Entering edit mode
6.6 years ago
bitpir
▴
250
Hi,
I am not quite understanding the output of the .predict file from Glimmer3.02 ORF predictor.
Here's a sample of the output file
ref|NC_023013.1| Haloarcula hispanica N601 chromosome 1, complete sequence
orf00001 1 1575 +1 18.88
orf00003 2355 1645 -1 12.87
According to the documentation, column1= ID, column2=start of gene, column3= stop of gene, column4=reading frame, column5=The per-base “raw” score of the gene.
My questions are:
- to calculate the ORF score (100*log-odd ratio) of the gene, do I multiply column5 by the length of the gene?
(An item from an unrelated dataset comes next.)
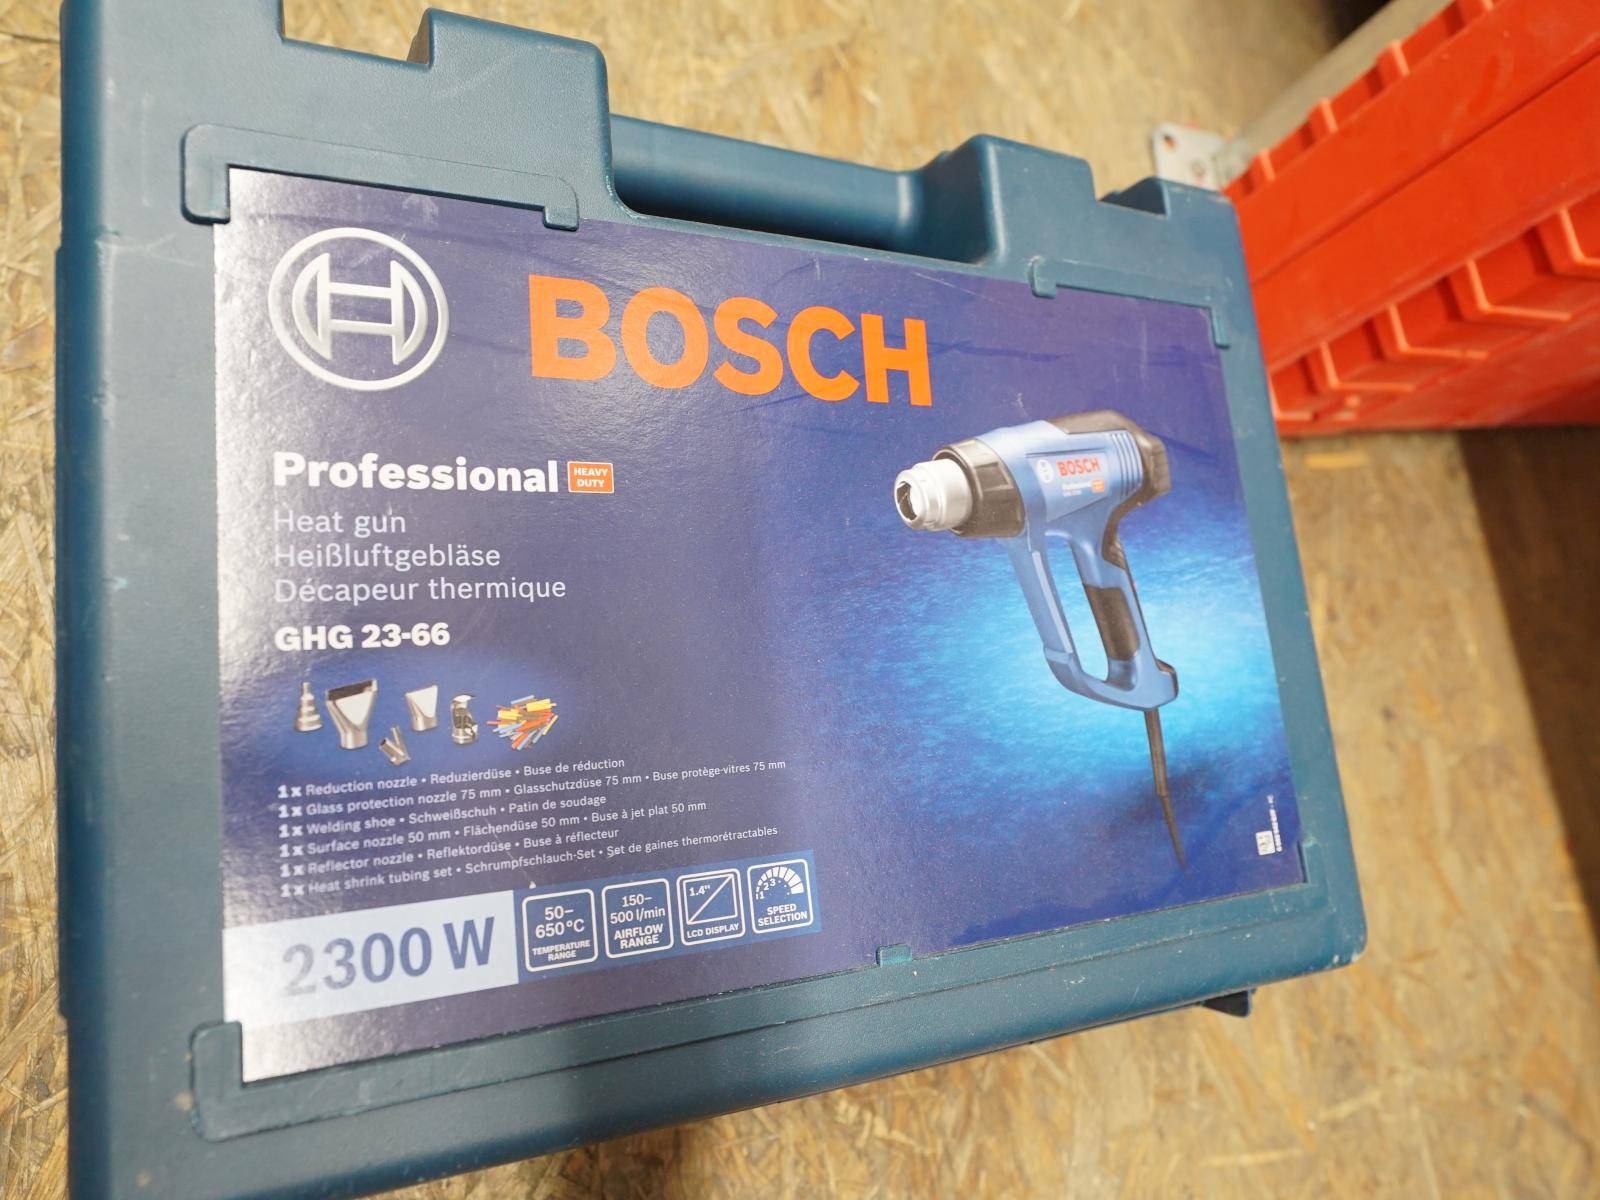 GST 23-66 90 - 20.2.24 E BOSCH tool + Power GHG Auction
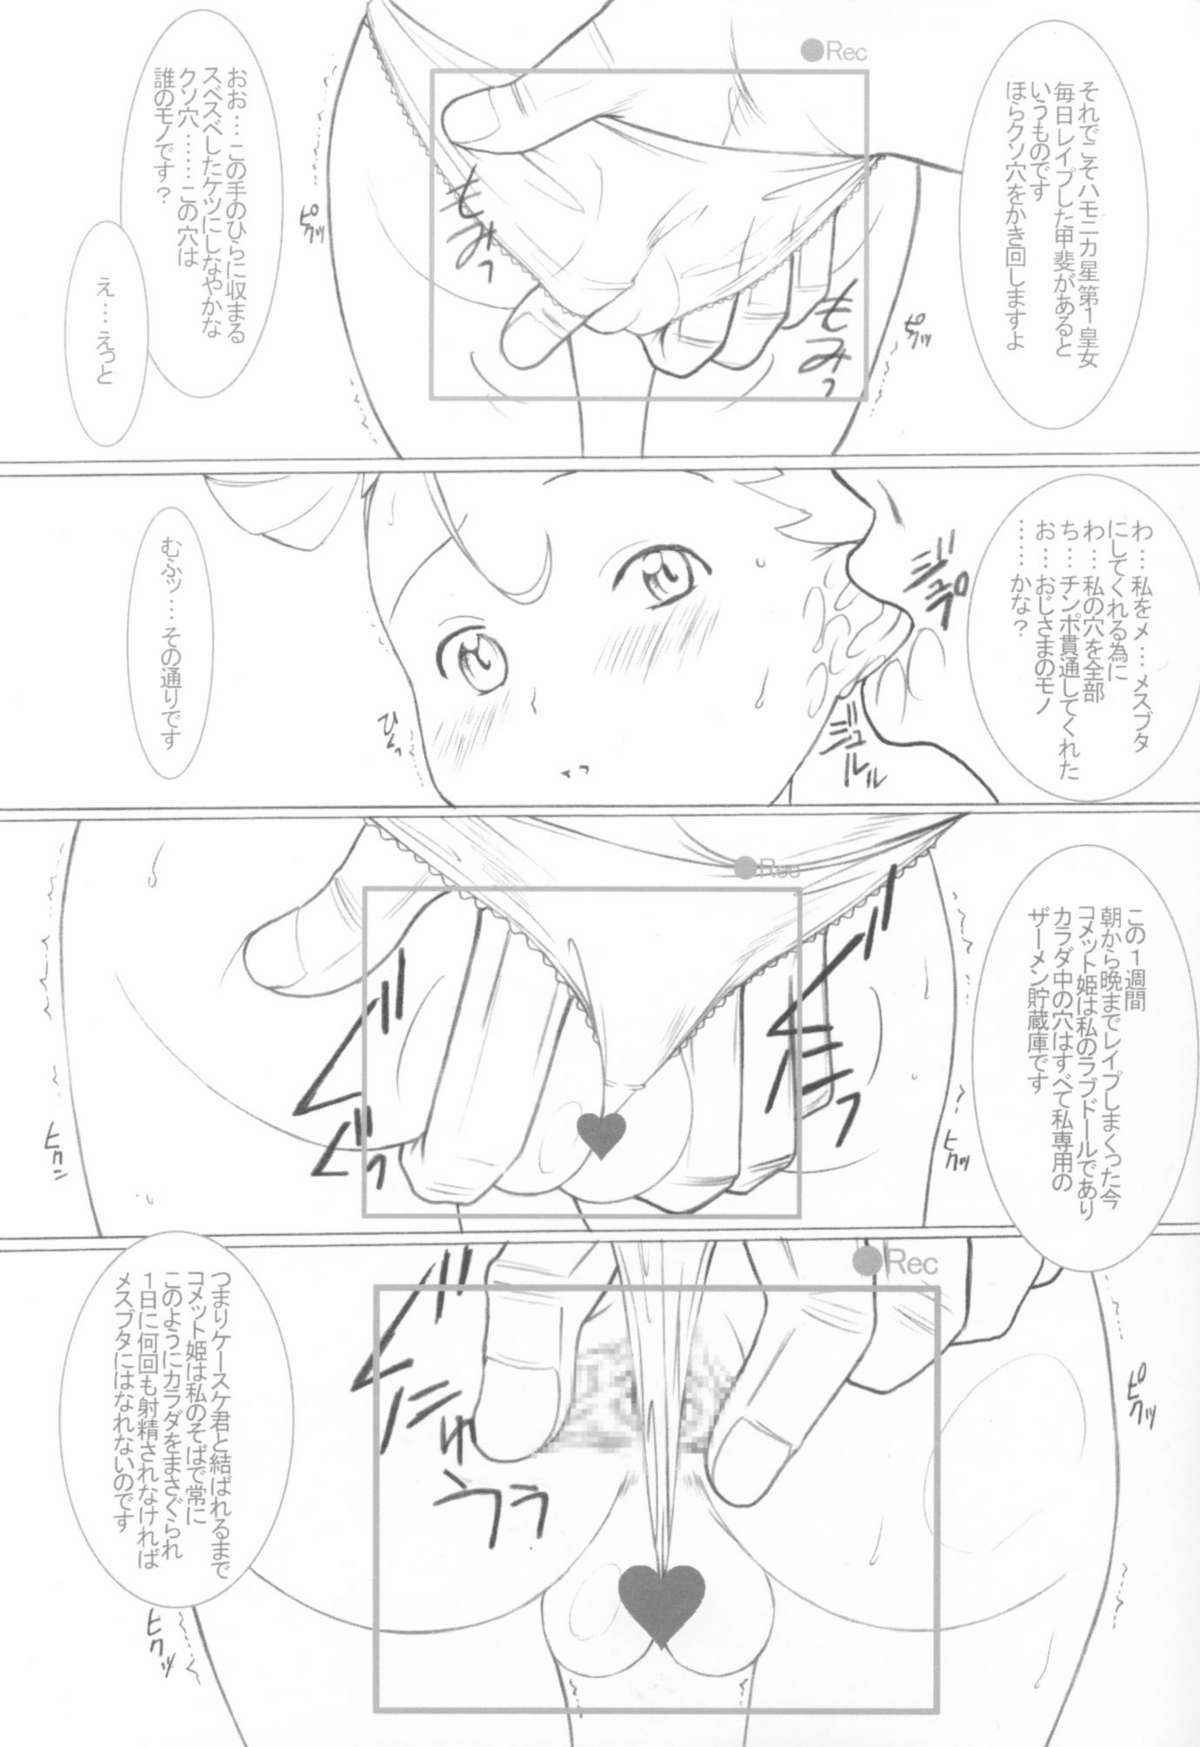 [Land Urchin (千鐘, ゴン平八)] DeathSpell 7 コメットさんはメスブタ (Cosmic Baton Girl コメットさん☆)

- Is there a good threshold (either for column 5 or the calculated score) to see if the predicted ORF is likely to be true?
Thanks for the help!
I see more than one question :-)
Good catch! Thought of another question but forgot to change the grammar! :)
a bit pragmatic maybe, but all really depends on how you run glimmer.
Plain glimmer3 predictions often are an underprediction and don't get the start codon right. the included iterative workflow creates a first model, determines a PWM on the most likely Shine-Dalgarno site and a better estimate of the start codon distribution and reruns glimmer using this information. The resulting gene model is far more accurate than the initial one.
Thanks for the info. About the iterative workflow, I often run into a problem of generating PWM. It works for some files but not others. Wonder if this is common?